- IATA: CAS; ICAO: GMMC;

Summary
- Airport type: Defunct
- Serves: Casablanca, Morocco
- Elevation AMSL: 203 ft (62 m)
- Coordinates: 33°33′25″N 007°39′38″W﻿ / ﻿33.55694°N 7.66056°W

Map
- Anfa Location of airport in Morocco

Runways
| Direction | Length |  | Surface |
| m | ft |
| 08/26 | 2,104 | 6,903 | Asphalt |

= Casablanca–Anfa Airport =

Former airport of Casablanca, Morocco

Casablanca–Anfa Airport (Aéroport de Casablanca–Anfa, مطار الدار البيضاء أنفا) was an airport in Morocco , located about 6 km southwest of Casablanca. Anfa Airport was one of three airports serving the Casablanca area, the others being the newer and larger Mohammed V International Airport and the Casablanca Tit Mellil Airport.

Anfa Airport is now closed, and its buildings and runways have been demolished.

As of 2025 Royal Air Maroc still indicates that its registered office is on the airport property.

==History==
Built in the 1920s by the French colonial government, Anfa Airport was the primary airport for Casablanca until the United States Air Force closed its base at Nouasseur in 1959. The Nouasseur Air Base has been expanded over the years to handle large jet aircraft and has become Casablanca's primary airport, Mohammed V International Airport.

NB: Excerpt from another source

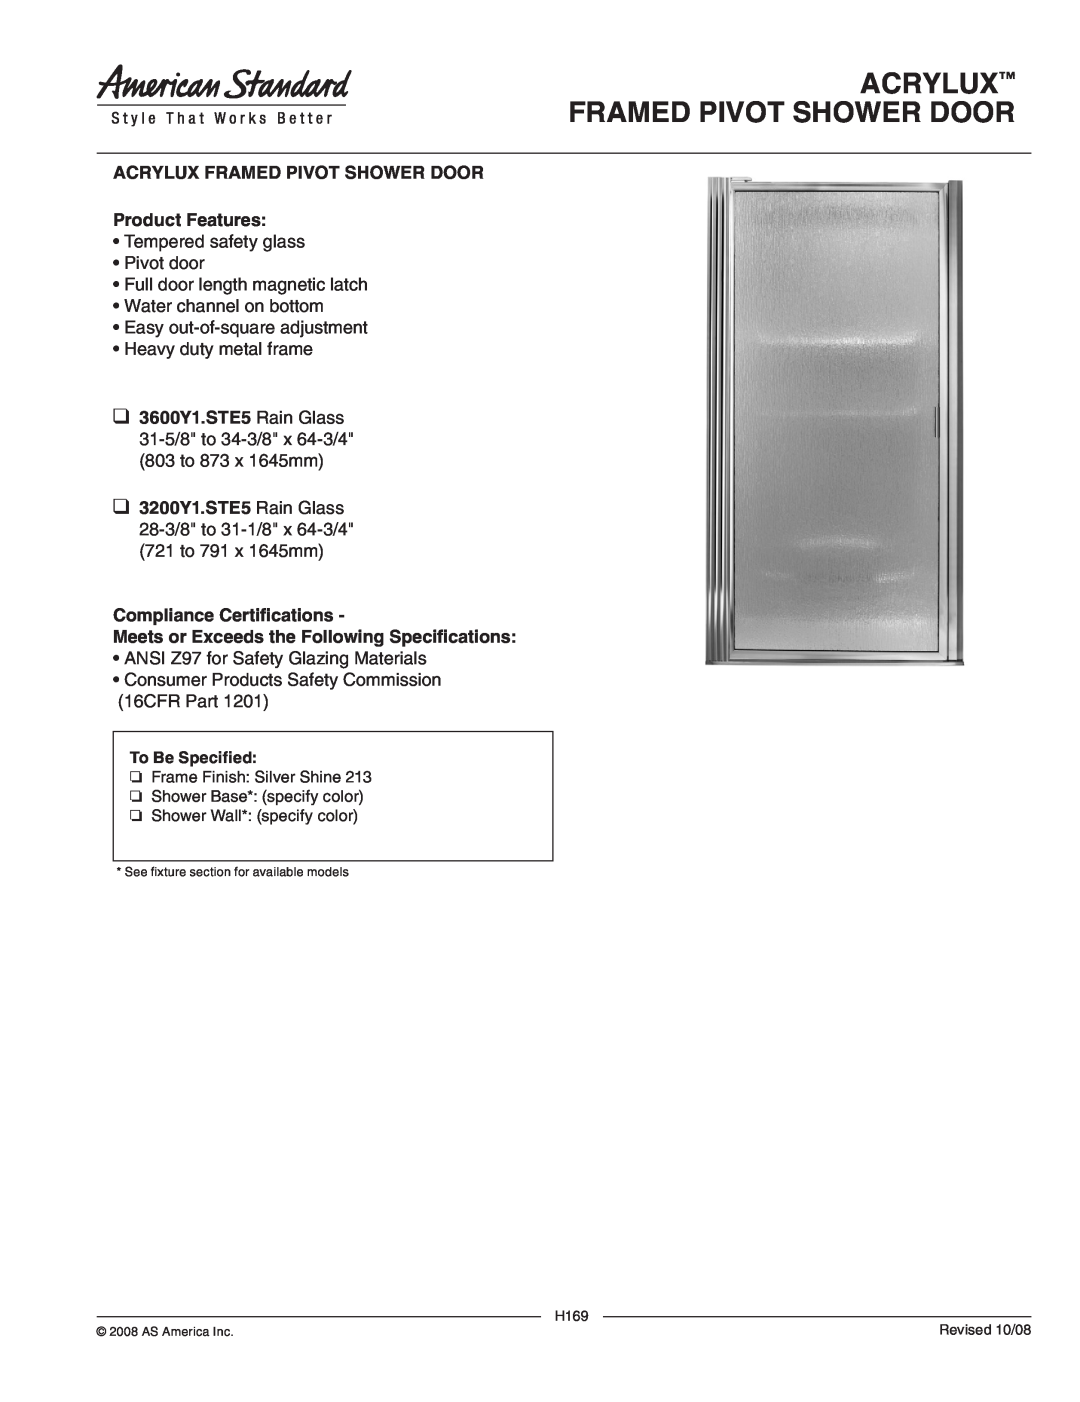 American Standard 3600Y1.STE5, 3200Y1.STE5 manual Acrylux Framed Pivot Shower Door 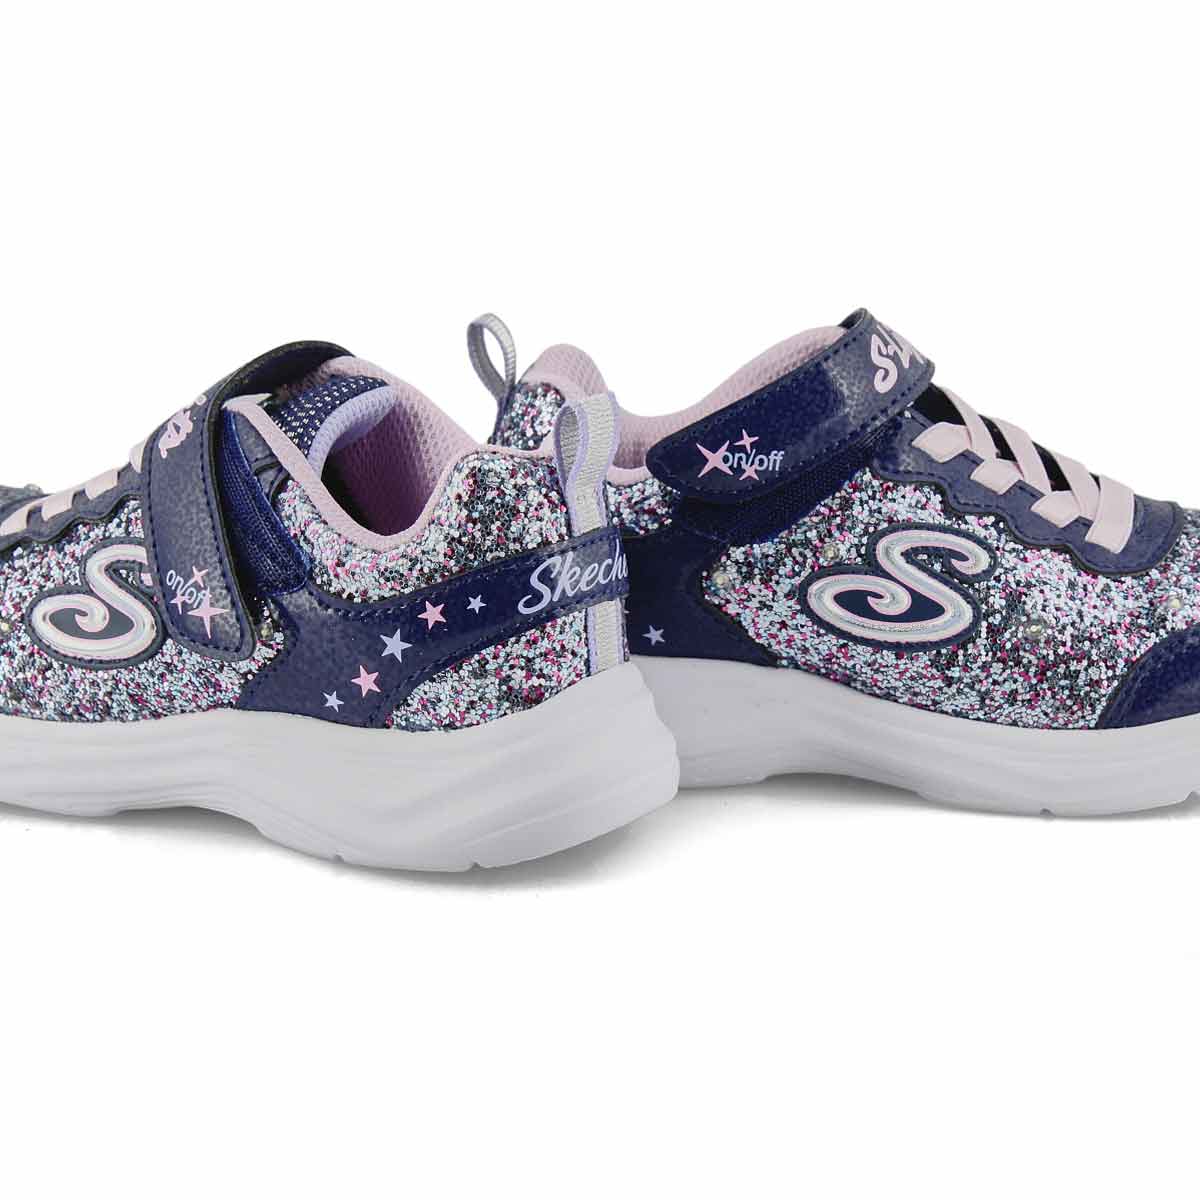 Girls' Glimmer Kicks Sneakers - Navy/Multi

During World War II, Anfa Airport was taken over by the Vichy French government and used as an airport as well as an air base for the Vichy French Air Force (Armée de l'Air de Vichy) with its limited aircraft allowed by the armistice with Nazi Germany. It was also used by Deutsche Luft Hansa and German military transports and was depicted in the fictional 1942 film Casablanca.

Anfa Airport was one of the primary Allied objectives during Operation Torch, the invasion of North Africa, and was seized in the initial landings in the Casablanca area. After its capture by Allied forces, it functioned as an Allied military airfield throughout the remainder of the war, supporting the United States Army during the North African Campaign, and also as an Air Transport Command cargo hub on the North African Route. It served as a transit point for United States Army Air Forces aircraft heading to England to equip the Eighth Air Force, as well as for the Twelfth and Fifteenth Air Forces in the Mediterranean Theater, as part of the southern air transport route from the United States via Brazil and Dakar in Senegal. It was returned to civilian control late in 1945. The airport is now closed and is undergoing a major urbanization project.

Anfa Airport was replaced as a commercial airport by Mohammed V International Airport; however, it continued to serve as a pilot training airfield until it ceased all operations in 2007.

==Other facilities==
Royal Air Maroc has/had its head office on the airport property. As of 2019 the airline still states that Anfa is the location of its head office.

By 2008 Royal Air Maroc (RAM) Academy, the training arm of the country's national airline, had moved its activity to Benslimane and Nouaceur.